Worker Bees Ripen Honey Inside the Hive
Now we get into the serious details of how honey is made and ripened in the hive. This is the final step where nectar becomes honey.
House bees receive the incoming plant nectar from foragers. House bees are not foraging outside yet.
Now, the actual honey ripening process begins. House bees manipulate the watery nectar with their mouths adding an enzyme called –Invertase to the diluted nectar.
This special enzyme comes from hypophrangeal glands located in the mouth/head of the worker bees.
The process of nectar becoming honey continues as the Ph and chemical composition of the nectar is changing. Glucose oxidase (another enzyme) is added along with the bee saliva.
Sugar molecules begin to change form and gluconic acid and hydrogen peroxide are produced. These give honey its acidic and antibacterial properties.
Now it is time for the dehydration process to being. Plant nectar is watery – ripe honey is not.
Dehydration Completes the Transformation to Honey
A house bee releases a drop of this changed nectar to her mandibles (jaw). (Similar to us blowing bubbles with bubble gum). Exposed to the warm, dry air inside the hive, the moisture content begins to drop.
Nectar that is in the drying (or moisture reduction ) process may be placed in droplets along the surface of comb and moved several times.
House bees fan with their wings to increase air flow through the hive. This aids in lowering the water content of the nectar.
When the moisture content of the nectar has dropped from about 80% to 20%, we consider the transformation to be complete.
The bees have made honey from plant nectar.
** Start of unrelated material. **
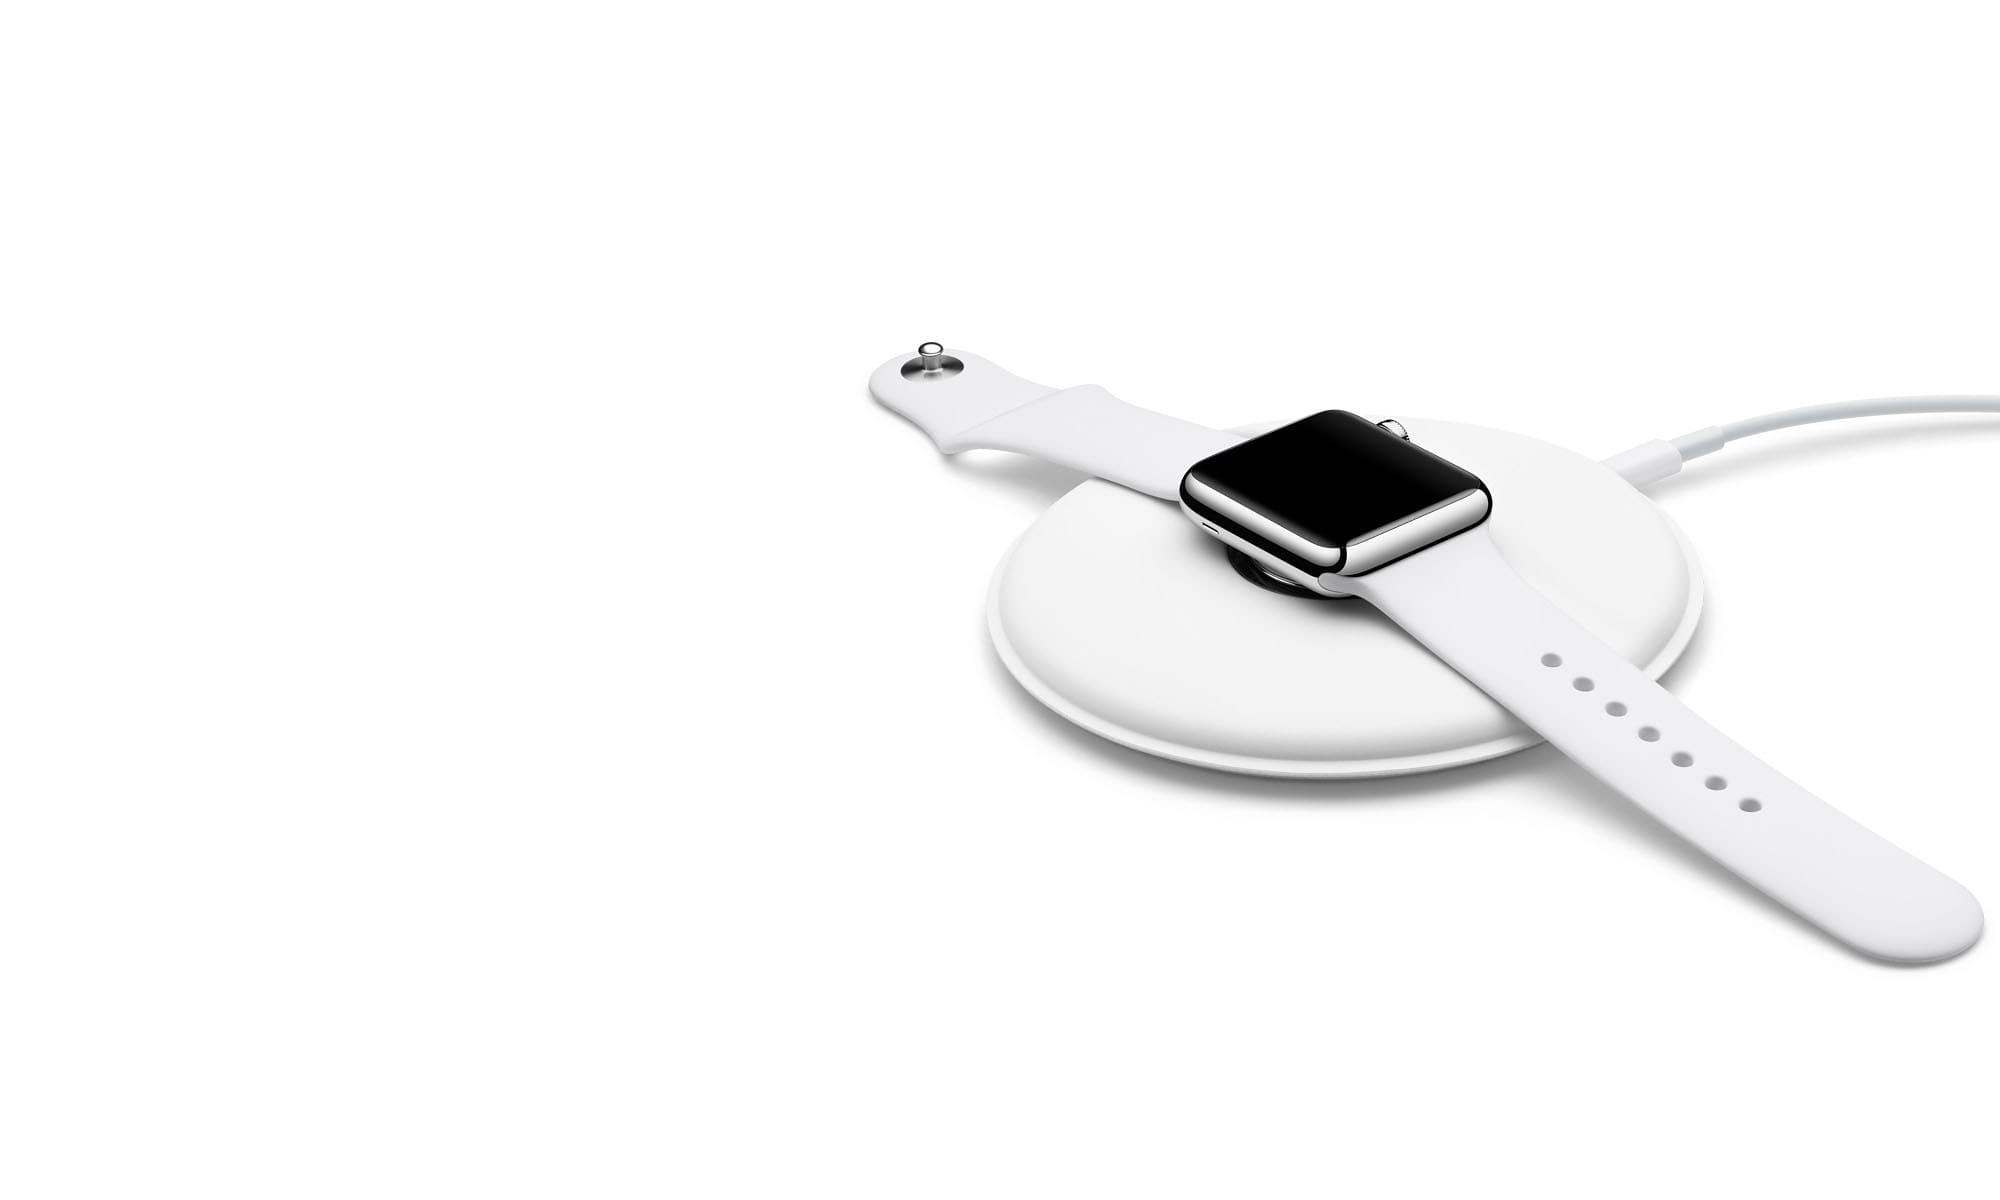 Apple-Watch-Charging-Dock-03

Wax honeycomb cells hold the ripe honey until it is needed. Bees cap each cell with wax to keep the food clean and safe.
Bees Making Honey Diagram
How Much Honey Does a Bee Make?
An individual worker bee will only make about 1/12 of a teaspoon of honey in her lifetime. This makes it easy to understand why a colony requires thousands of bees.
Many different factors affect honey production. Weather conditions, nectar availability and hive healthy all play a role.
An average colony in a good location can make 60 pounds or much more of excess honey in a season.
A honey bee colony needs 3 resources in order to make honey.
- a strong population of healthy worker bees
- floral nectar available for gathering
- good weather conditions to work
Bees must visit approximately 2 million flowers to make 1 pound of honey. That is a lot of work!
No wonder the bees were angry when “Pooh Bear” wanted to steal the efforts of all their hard work. You would not want a chubby bear hanging outside your tree either!
Is Honey Bee Vomit or Poop?
No, Honey is not bee vomit – that is an ugly myth. A special structure inside the bee -called her honey stomach holds the collected nectar. It is different from her regular digestive system.
If she is hungry, she can open a special value and allow some nectar into her real stomach. But only nectar and added enzymes are involved in making honey.
Do Bees Make Honey all Year?
For most regions, honey production is not a year-round thing. Bees must have blooming plants that are producing nectar. Not many plants bloom during the cold season.
The colony may collect a bit of nectar at non peak times but not in sufficient quantities for serious honey production.
Do Bees Use Pollen to Make Honey?
Bees do not use pollen to make honey. However, bees do collect pollen. It is a vital protein source needed to rear baby bees.
Pollen only contributes to honey production in that it supports having a healthy, strong workforce. The next generation is always on it way.
During honey harvesting, some pollen will end up in the finished product-but it is not the primary ingredient.
A Final Word on How Honey is Made by Bees
Nectar from millions of flowers and the efforts of thousands of individual bees all go into the process of making honey.
A good crop of honey will yield enough for the bees winter food and some for the beekeeper.